Pharmacokinetic assessment
The mean plasma concentration of the Domperidone and Famotidine both test and reference in (Table 8). (Figure 8) shows the comparative plasma profiles of Famcool-D Marketed formulation (R) with Domperidone and Famotidine. The mean peak plasma concentration (Cmax) of the test (T) formulation was less when compared with the reference (R) formulation. The increase in tmax clearly indicated the drug availability for a prolonged period. After reaching the tmax the drug started elimination and plasma concentration gradually decreased. In the case of the test (T) formulation, the tmax achieved slowly and the drug availability was found for a long time. The increase in AUC0-t was observed in the test (T) formulation, which was clearly indicated the drug availability for a long duration. The plasma elimination half-life (t1/2) of the reference (R) and the test (T) formulations were significantly different. Thus the prolonged t1/2 is another indication of the in vivo performance of the optimized floating tablets. The overall Cmax, tmax, AUCo-t, and t1/2 were completely different between both the test and reference formulation. Therefore the developed formulations released the drug for a prolonged period of time.
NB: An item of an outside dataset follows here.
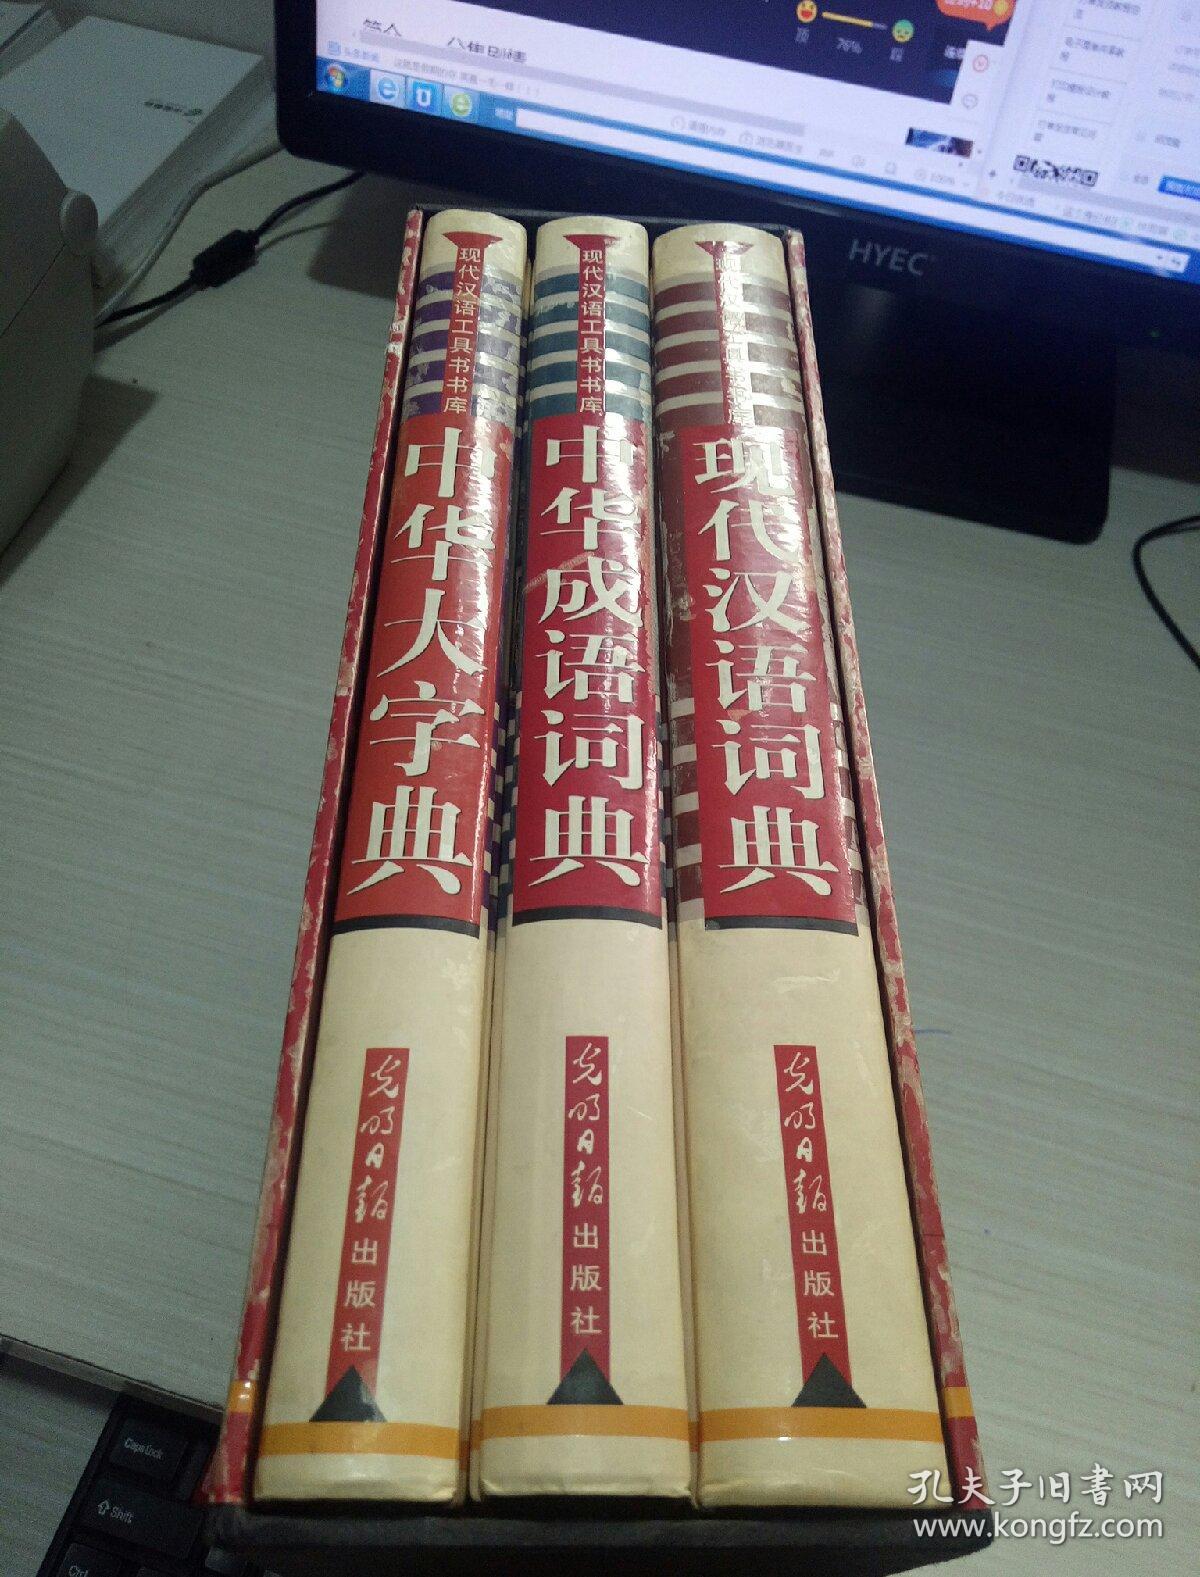 现代汉语工具书书库:中华大字典.现代汉语词典
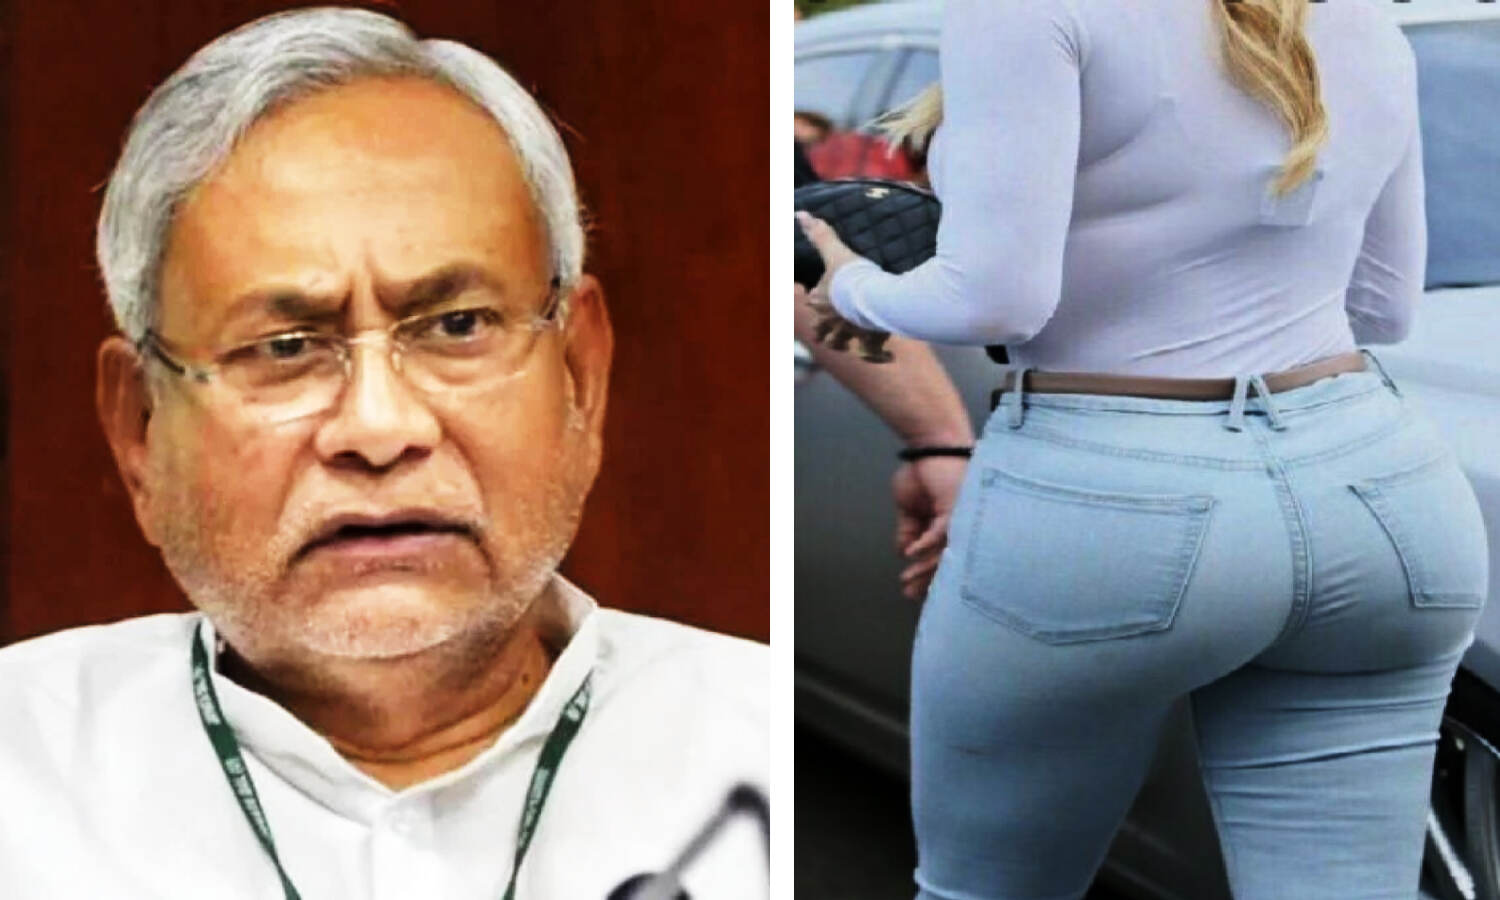 Gaya Crime News : साहब ने कहा कि टाइट जींस-टीशर्ट में बड़ी अच्छी लगती हो और फिर पीछे से आकर पकड़ लिया, CM नीतीश कुमार को भेजी चिट्ठी-मचा हड़कंप

Table 8: Pharmacokinetic parameters of optimized tablets of Optimized formulation and Marketed product
| Parameter | Unit | Optimized Formulation | Marketed Formulation | ||
|---|---|---|---|---|---|
| Domperidone | Famotidine | Domperidone | Famotidine | ||
| Lambdaz | 1/h | 0.05 | 0.05 | 0.06 | 0.07 |
| t1/2 | H | 14.56 | 14.35 | 12.19 | 10.29 |
| tmax | H | 2.50 | 2.50 | 2.00 | 2.00 |
| Cmax | ng/ml | 43.40 | 85.16 | 45.60 | 89.46 |
| Clast_obs/Cmax | 0.09 | 0.09 | 0.13 | 0.08 | |
| AUC 0-t | ng/ml*h | 390.69 | 748.88 | 262.21 | 448.91 |
| AUC 0-inf_obs | ng/ml*h | 433.21 | 824.82 | 365.11 | 551.69 |
| AUC 0-t/0-inf_obs | 0.90 | 0.91 | 0.72 | 0.81 | |
| AUMC 0-inf_obs | ng/ml*h^2 | 4479.61 | 8282.15 | 6361.59 | 7057.20 |
| MRT 0-inf_obs | H | 23.45 | 23.57 | 17.42 | 12.79 |
| Vz/F_obs | (mg/kg)/(ng/ml) | 0.01 | 0.01 | 0.02 | 0.02 |
| Cl/F_obs | (mg/kg)/(ng/ml)/h | 0.00104 | 0.00 | 0.00123 | 0.00 |
Conclusion
floating tablets of Domperidone and Famotidine exhibited extended release for more than 12 h. The formulated and optimized tablets showed improvement in bioavailability where dosage frequency can be reduced with improved patient compliance. By the Risk assessment technique, the factors and responses that affect the quality of the product were assessed. 23 factorial design with midpoints could be successfully applied for the development of floating tablets with fewer trials and better quality attributes. The In vivo evaluation of the prepared floating tablets proved the improved bioavailability of drugs with increased plasma concentration more than 12 hours equal to that of commercial tablets that extended for 10 h. Hence, the amount of the drug and the number of administration per day were reduced. The further study can be extended to humans (clinical trials) to prove its side effects that could be predicted with this developed floating drug delivery system.